Dalla finestra si intravedono le prime luci dell’alba. Fa freddo su questa panca di ferro dove sono seduta da molte ore con un abito ancora estivo. Cerco di riscuotermi da questo dormiveglia agitato e angoscioso. Mi sveglia il tocco delicato della mano di Marta che mi porge un bicchierino di caffè. Il calore della bevanda scende benefico nel mio corpo contratto e infreddolito. La ringrazio mentalmente di questo dono insperato, anche se, bloccata da una notte di affanni e tormenti, non riesco quasi a parlare. Dovrei farmi coraggio, reagire allo tsunami che mi si è abbattuto addosso nelle ultime ore. Ma non ne ho le forze. Non so dove trovarle. Come una barca in balia della tempesta senza un timoniere a guidarla, una vela sbattuta dal vento.

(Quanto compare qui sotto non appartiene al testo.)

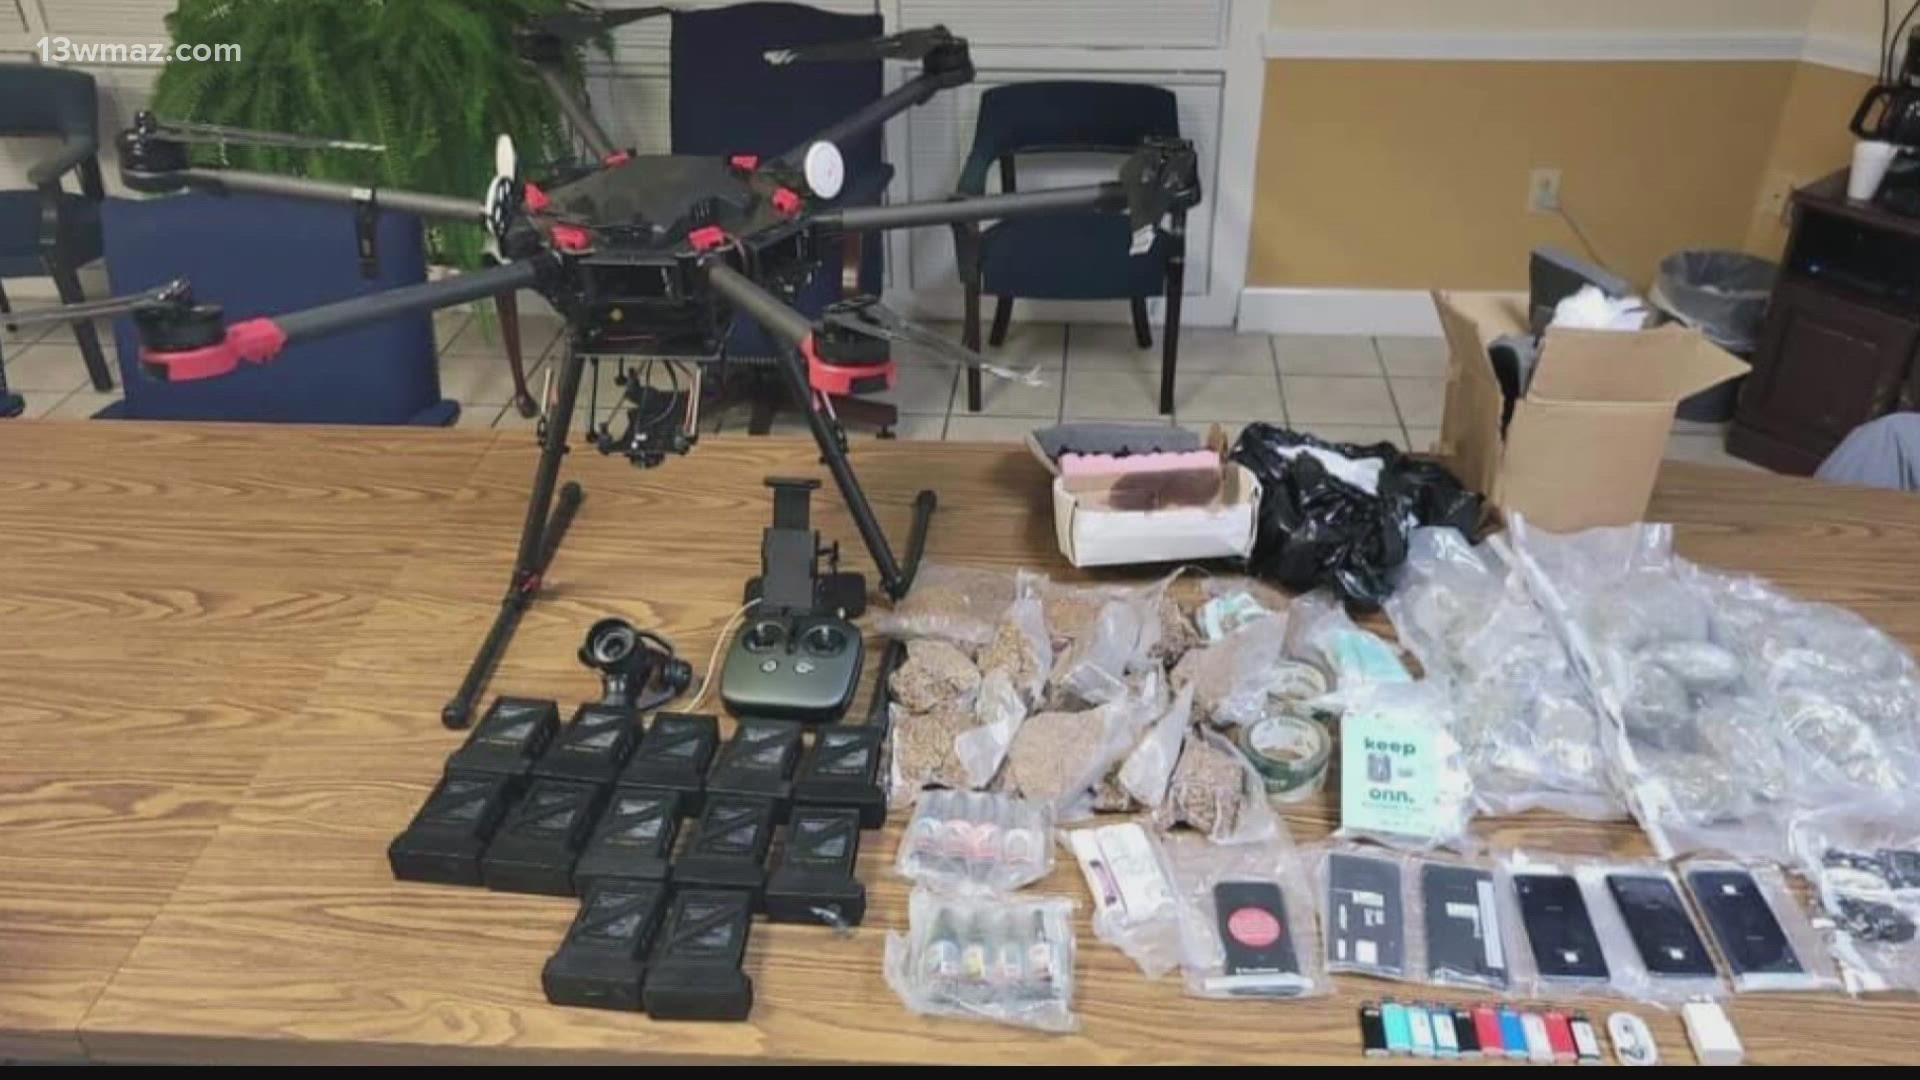 The Washington County Sheriff's Office says the newest form of crime gaining popularity in recent years is sneaking contraband into prisons by drone.

Nel silenzio della sala ancora deserta sento il rumore di una porta che si apre, di passi che si avvicinano e una voce maschile calda e decisa:

“Signora, se vuole può vedere per qualche minuto suo marito”.

Lo guardo interrogativa, incapace di reagire. Non capisco se questo invito porti con sé cattive o buone notizie.

“Sono il dottor Giovanni Doriani. Si notano i primi segni di ripresa. Il dottor Siniscalchi ha fatto un buon lavoro. La situazione è ancora grave, ma possiamo sperare. Forse suo marito potrebbe farcela”.

Potrebbe, potrebbe… ripeto sottovoce a me stessa, mentre indosso il camice verde e le soprascarpe, per entrare nel reparto di terapia intensiva.